## Task instructions
Restate the whole listing word for word, missing no line.

## Data for processing
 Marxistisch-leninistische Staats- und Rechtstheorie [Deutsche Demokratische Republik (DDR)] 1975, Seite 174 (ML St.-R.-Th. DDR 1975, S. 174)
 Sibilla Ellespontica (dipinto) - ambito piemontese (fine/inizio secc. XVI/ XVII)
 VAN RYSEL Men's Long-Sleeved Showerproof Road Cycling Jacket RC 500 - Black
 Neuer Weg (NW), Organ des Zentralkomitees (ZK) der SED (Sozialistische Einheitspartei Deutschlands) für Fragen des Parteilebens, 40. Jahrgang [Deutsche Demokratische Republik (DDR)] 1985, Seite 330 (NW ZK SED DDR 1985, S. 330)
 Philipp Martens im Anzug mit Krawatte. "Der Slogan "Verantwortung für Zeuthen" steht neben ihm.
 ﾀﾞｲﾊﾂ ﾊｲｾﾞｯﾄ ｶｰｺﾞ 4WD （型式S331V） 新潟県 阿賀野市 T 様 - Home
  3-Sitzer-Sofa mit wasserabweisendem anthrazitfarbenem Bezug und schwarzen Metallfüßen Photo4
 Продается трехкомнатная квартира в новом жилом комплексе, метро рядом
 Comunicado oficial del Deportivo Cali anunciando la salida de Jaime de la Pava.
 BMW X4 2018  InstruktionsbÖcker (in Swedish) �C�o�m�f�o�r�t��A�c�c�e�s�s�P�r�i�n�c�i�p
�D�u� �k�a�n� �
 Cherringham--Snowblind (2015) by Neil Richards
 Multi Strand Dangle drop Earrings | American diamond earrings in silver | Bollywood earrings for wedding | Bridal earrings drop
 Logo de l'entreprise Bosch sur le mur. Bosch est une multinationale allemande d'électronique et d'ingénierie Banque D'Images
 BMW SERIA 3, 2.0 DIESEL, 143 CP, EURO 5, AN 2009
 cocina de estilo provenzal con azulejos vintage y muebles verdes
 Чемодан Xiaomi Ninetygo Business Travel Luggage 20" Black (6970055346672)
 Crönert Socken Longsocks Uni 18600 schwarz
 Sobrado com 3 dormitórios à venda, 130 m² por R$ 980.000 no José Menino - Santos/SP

## Solved problem
 Marxistisch-leninistische Staats- und Rechtstheorie [Deutsche Demokratische Republik (DDR)] 1975, Seite 174 (ML St.-R.-Th. DDR 1975, S. 174)
 Sibilla Ellespontica (dipinto) - ambito piemontese (fine/inizio secc. XVI/ XVII)
 VAN RYSEL Men's Long-Sleeved Showerproof Road Cycling Jacket RC 500 - Black
 Neuer Weg (NW), Organ des Zentralkomitees (ZK) der SED (Sozialistische Einheitspartei Deutschlands) für Fragen des Parteilebens, 40. Jahrgang [Deutsche Demokratische Republik (DDR)] 1985, Seite 330 (NW ZK SED DDR 1985, S. 330)
 Philipp Martens im Anzug mit Krawatte. "Der Slogan "Verantwortung für Zeuthen" steht neben ihm.
 ﾀﾞｲﾊﾂ ﾊｲｾﾞｯﾄ ｶｰｺﾞ 4WD （型式S331V） 新潟県 阿賀野市 T 様 - Home
  3-Sitzer-Sofa mit wasserabweisendem anthrazitfarbenem Bezug und schwarzen Metallfüßen Photo4
 Продается трехкомнатная квартира в новом жилом комплексе, метро рядом
 Comunicado oficial del Deportivo Cali anunciando la salida de Jaime de la Pava.
 BMW X4 2018  InstruktionsbÖcker (in Swedish) �C�o�m�f�o�r�t��A�c�c�e�s�s�P�r�i�n�c�i�p
�D�u� �k�a�n� �
 Cherringham--Snowblind (2015) by Neil Richards
 Multi Strand Dangle drop Earrings | American diamond earrings in silver | Bollywood earrings for wedding | Bridal earrings drop
 Logo de l'entreprise Bosch sur le mur. Bosch est une multinationale allemande d'électronique et d'ingénierie Banque D'Images
 BMW SERIA 3, 2.0 DIESEL, 143 CP, EURO 5, AN 2009
 cocina de estilo provenzal con azulejos vintage y muebles verdes
 Чемодан Xiaomi Ninetygo Business Travel Luggage 20" Black (6970055346672)
 Crönert Socken Longsocks Uni 18600 schwarz
 Sobrado com 3 dormitórios à venda, 130 m² por R$ 980.000 no José Menino - Santos/SP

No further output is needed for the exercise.